N Selina Discussion 11
Noori Selina
Using R, build a regression model for data that interests you. Conduct residual analysis. Was the linear model appropriate? Why or why not?
I will be using the built in iris data set
data(iris)
head(iris)## Sepal.Length Sepal.Width Petal.Length Petal.Width Species
## 1 5.1 3.5 1.4 0.2 setosa
## 2 4.9 3.0 1.4 0.2 setosa
## 3 4.7 3.2 1.3 0.2 setosa
## 4 4.6 3.1 1.5 0.2 setosa
## 5 5.0 3.6 1.4 0.2 setosa
## 6 5.4 3.9 1.7 0.4 setosa# Build a linear regression model
iris_lm <- lm(Petal.Width ~ Sepal.Length + Sepal.Width, data = iris)# Conduct residual analysis
# Residual vs Fitted plot
plot(iris_lm, which = 1)
# Normal Q-Q plot
plot(iris_lm, which = 2)
# Scale-Location plot
plot(iris_lm, which = 3)
# Residuals vs Leverage plot
plot(iris_lm, which = 5)
# Summary of the linear model
summary(iris_lm)##
## Call:
## lm(formula = Petal.Width ~ Sepal.Length + Sepal.Width, data = iris)
##
## Residuals:
## Min 1Q Median 3Q Max
## -0.7231 -0.2973 -0.0566 0.1929 1.1088
##
## Coefficients:
## Estimate Std.
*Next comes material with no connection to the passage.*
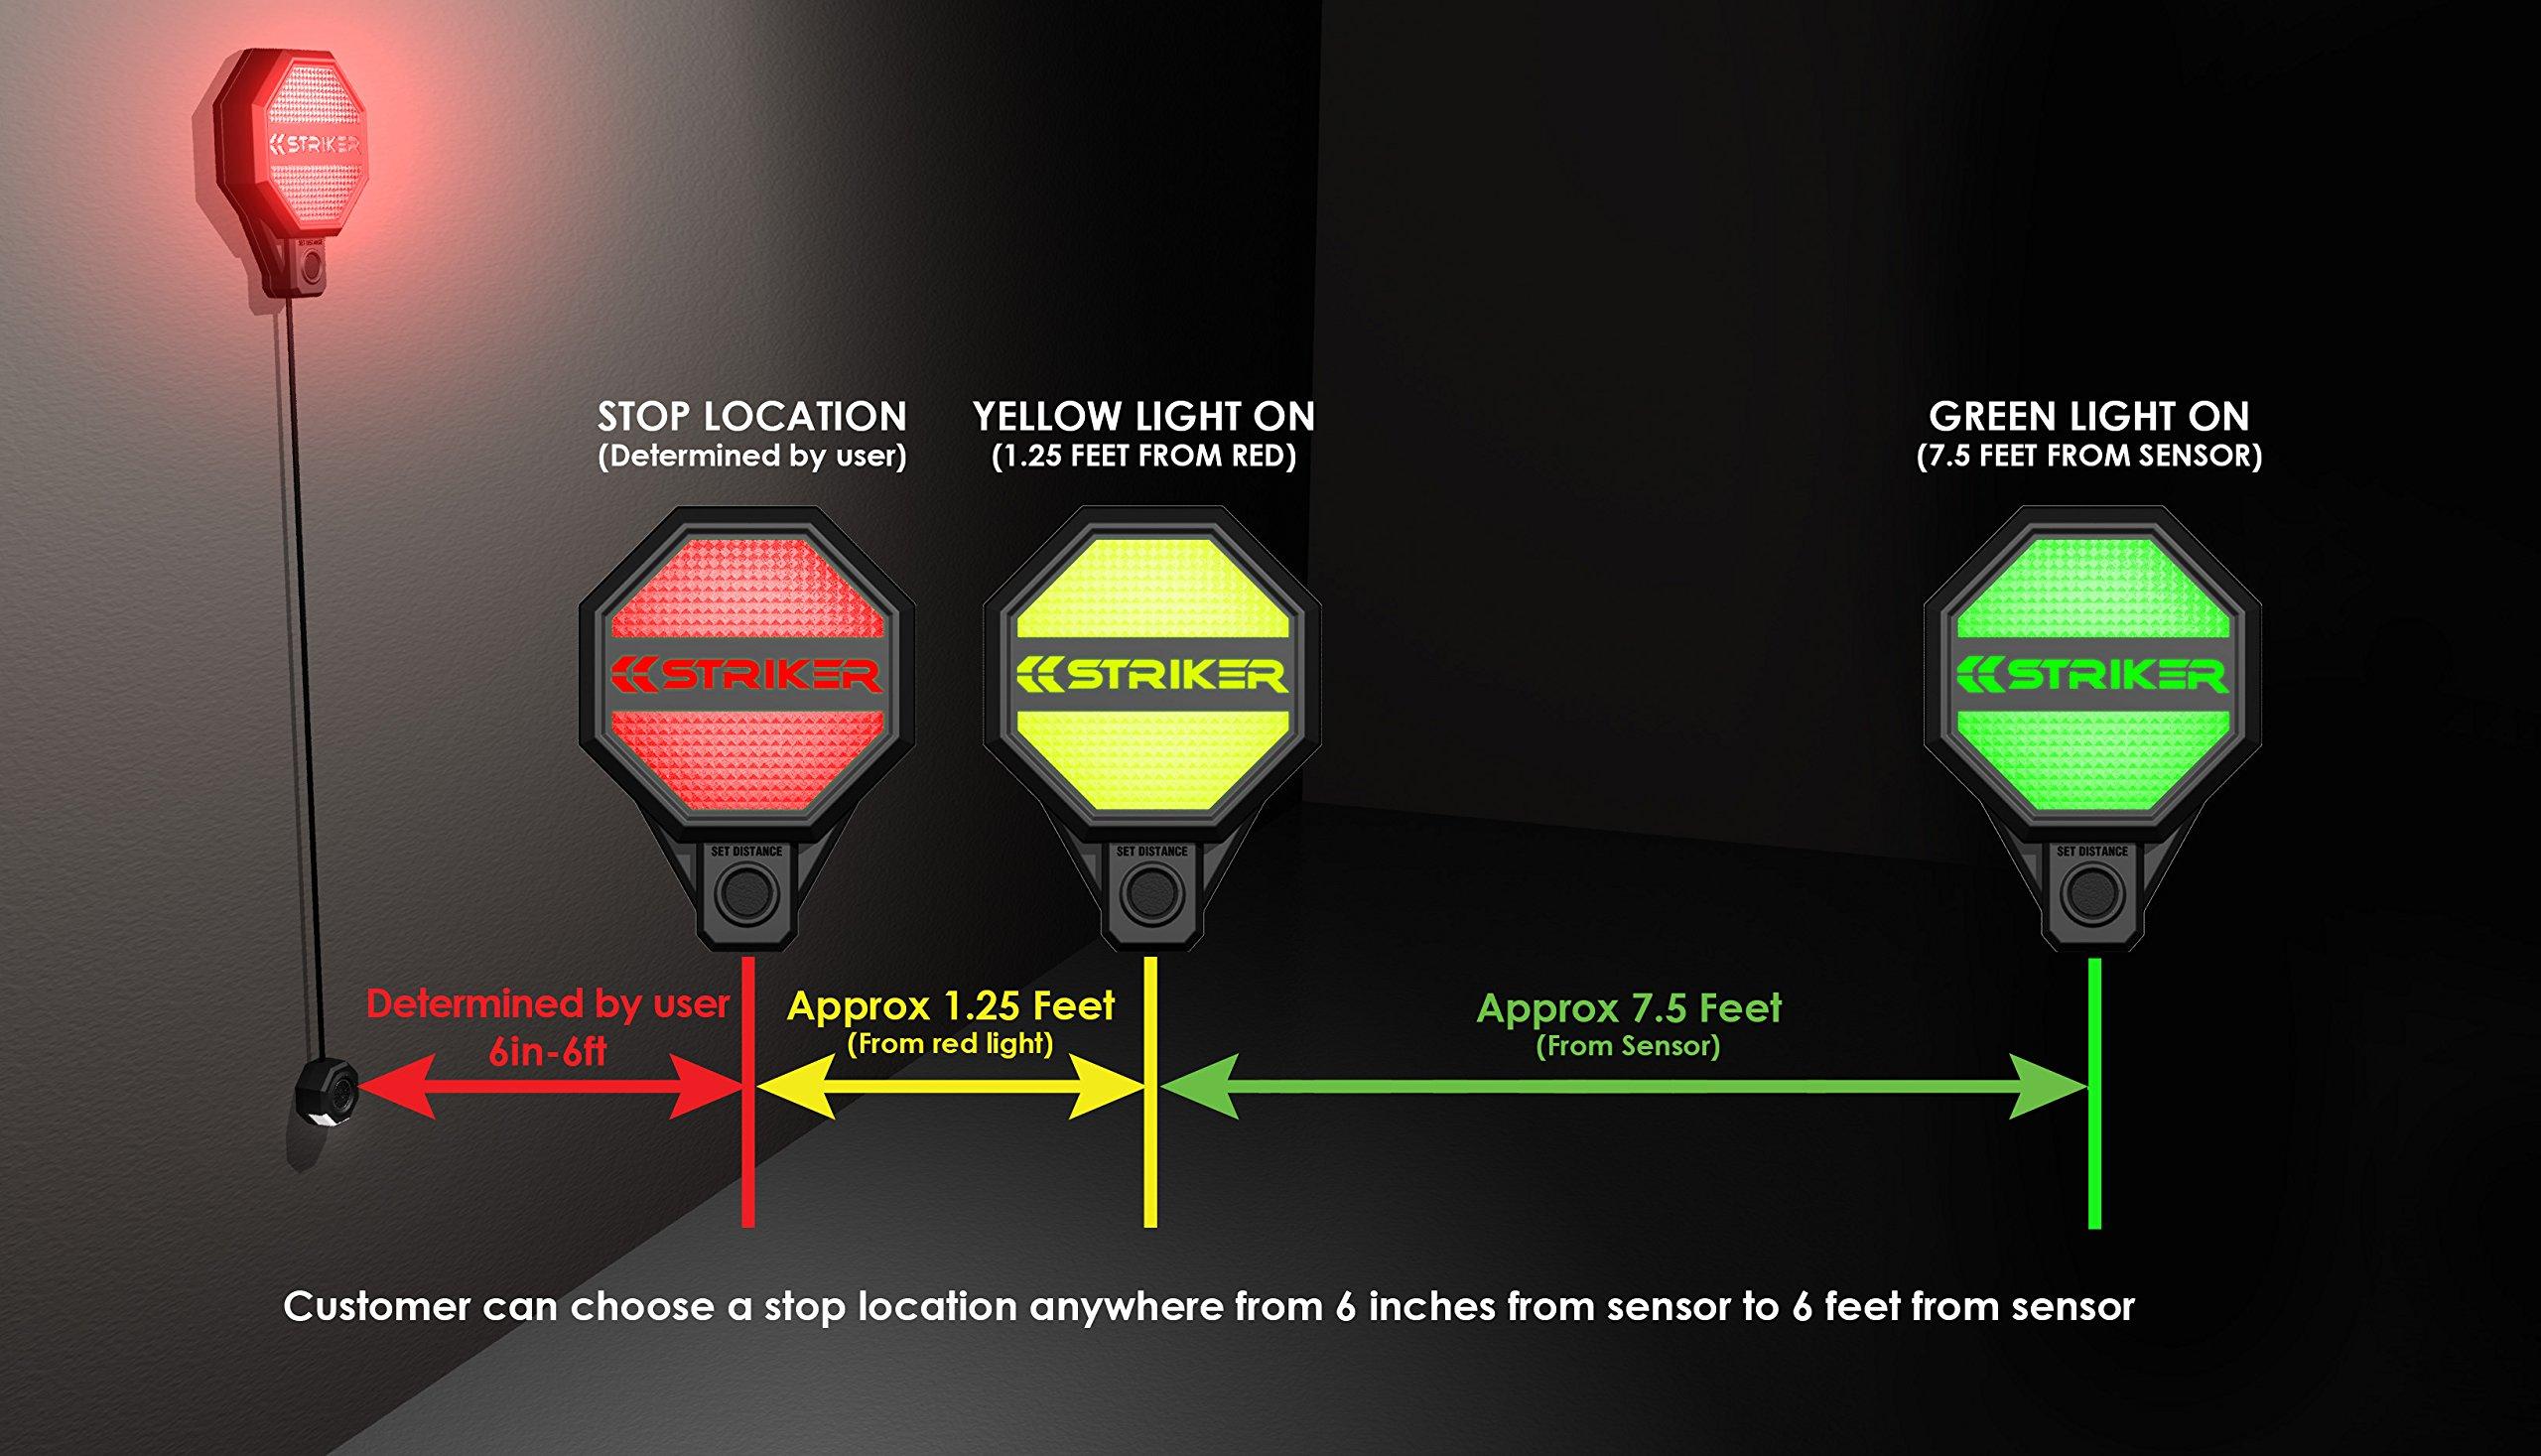 Striker Adjustable Garage Parking Sensor - Parking Aid by Striker Concepts (Image #6)

Error t value Pr(>|t|)
## (Intercept) -1.56349 0.33911 -4.611 8.66e-06 ***
## Sepal.Length 0.72329 0.03876 18.659 < 2e-16 ***
## Sepal.Width -0.47872 0.07364 -6.501 1.17e-09 ***
## ---
## Signif. codes: 0 '***' 0.001 '**' 0.01 '*' 0.05 '.' 0.1 ' ' 1
##
## Residual standard error: 0.3891 on 147 degrees of freedom
## Multiple R-squared: 0.7429, Adjusted R-squared: 0.7394
## F-statistic: 212.4 on 2 and 147 DF, p-value: < 2.2e-16The linear regression model built using the iris dataset indicates that both sepal length and width significantly influence petal width (p < 0.001). The model explains approximately 74% of the variability in petal width (adjusted R-squared = 0.7394), suggesting a good fit to the data. Residual analysis suggests that the model assumptions are met, with no apparent patterns in the residuals. Therefore, the linear model appears appropriate for predicting petal width based on sepal characteristics.